You just gotta pick something and go. I know nothing about your app, but there's plenty of general purpose languages out there that wouldn't be a bad choice. Over-optimizing is gonna kill the fun and you'll get nowhere. Choose some tech that solves your immediate problems and maybe keep things modular so you can break out the pieces that aren't working later.
Remember the fun part is building things. So go build something.
The one thing I'd say is: Let the project select your tools, not the reverse.
Take your time, select your tools and libraries... and it is amazing things just seem to come together. Not every problem will fall to what you know today.
Yes, there will be compromise, but step back, and ask yourself... just how thankful you'd be for any of these options 10+ years ago. If the answer is not... don't use that tool. But many times, what we face is really a plethora of great decisions, and we try to look for the best... not realizing it doesn't exist today, only in retrospect.
Lisp is the easiest, most fun language I've encountered to work in.

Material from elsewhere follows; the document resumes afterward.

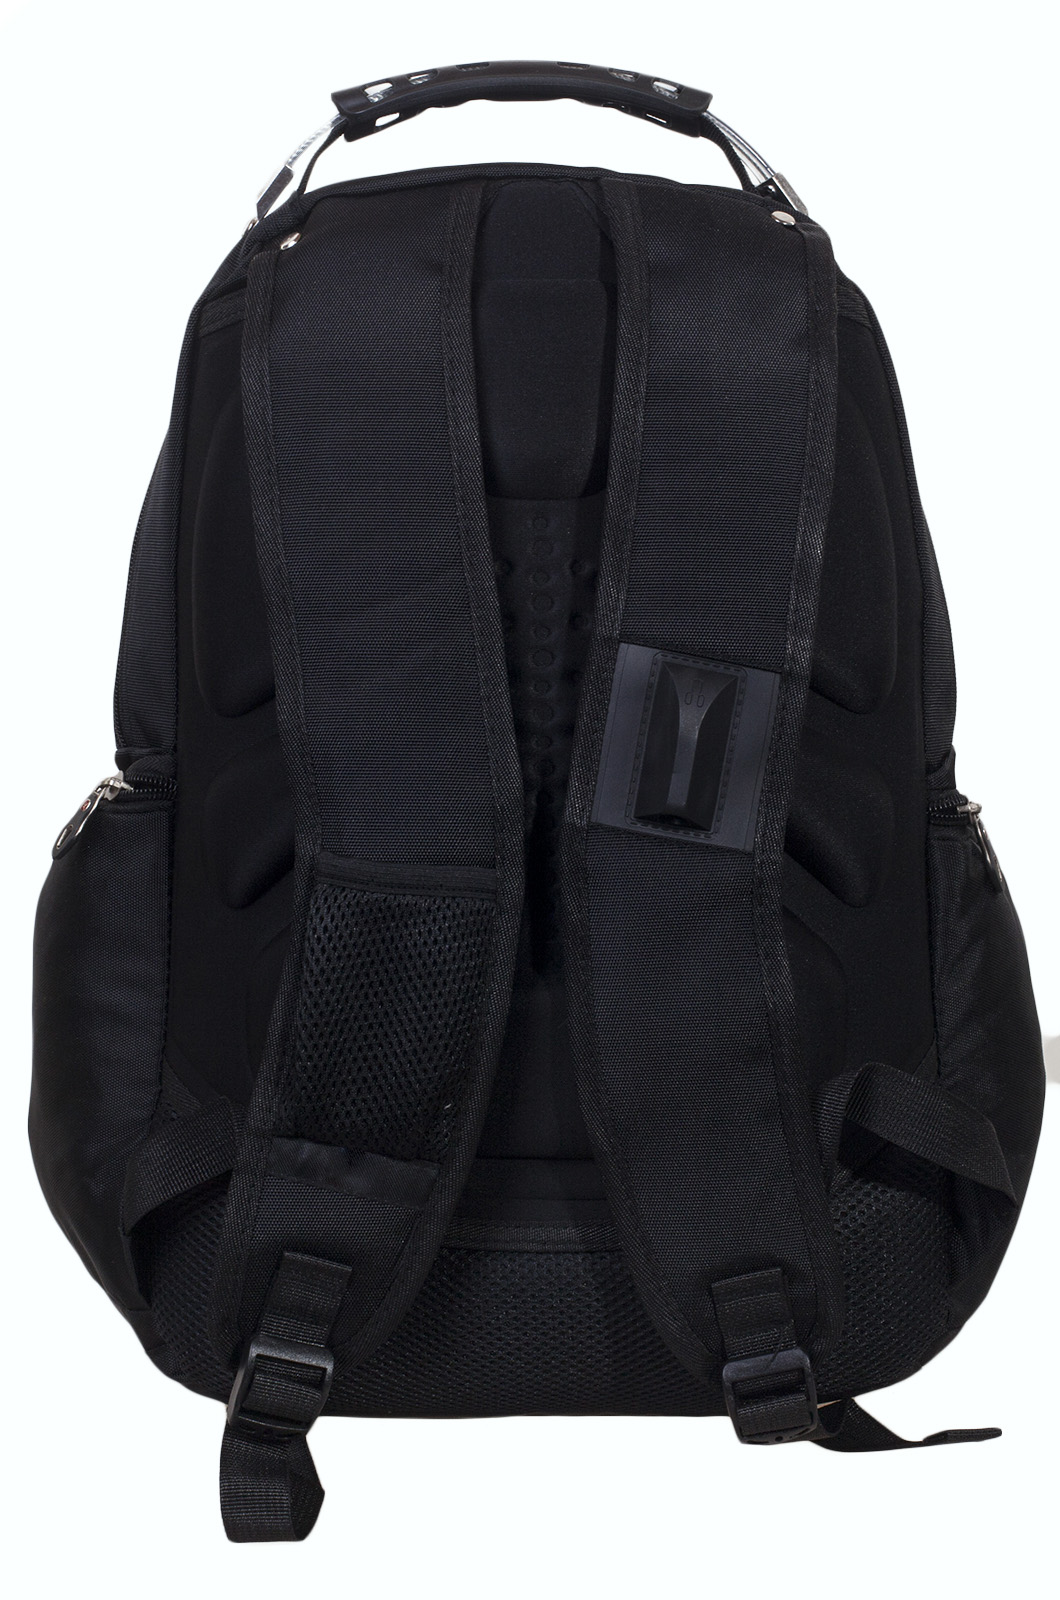 Черный рюкзак с тематической нашивкой Охотничий спецназ купить оптом и в розницу

It's like clay out of which you can sculpt a solution. Every programmer should give it a go.
For an even easier way to get started, consider building an app in Emacs Lisp. It needn't be huge, it could just be an automation for a pain point in your daily work. Emacs is easier, and more fun, to extend than just about any other editor.
I'm writing a cross-platform UI library (C++, but I hope to add Swift, Python, and maybe Rust bindings), because I'm in the same boat: https://github.com/eightbrains/uitk. It is usable, but still under development, and while the .h files are fairly heavily documented, there are no examples yet.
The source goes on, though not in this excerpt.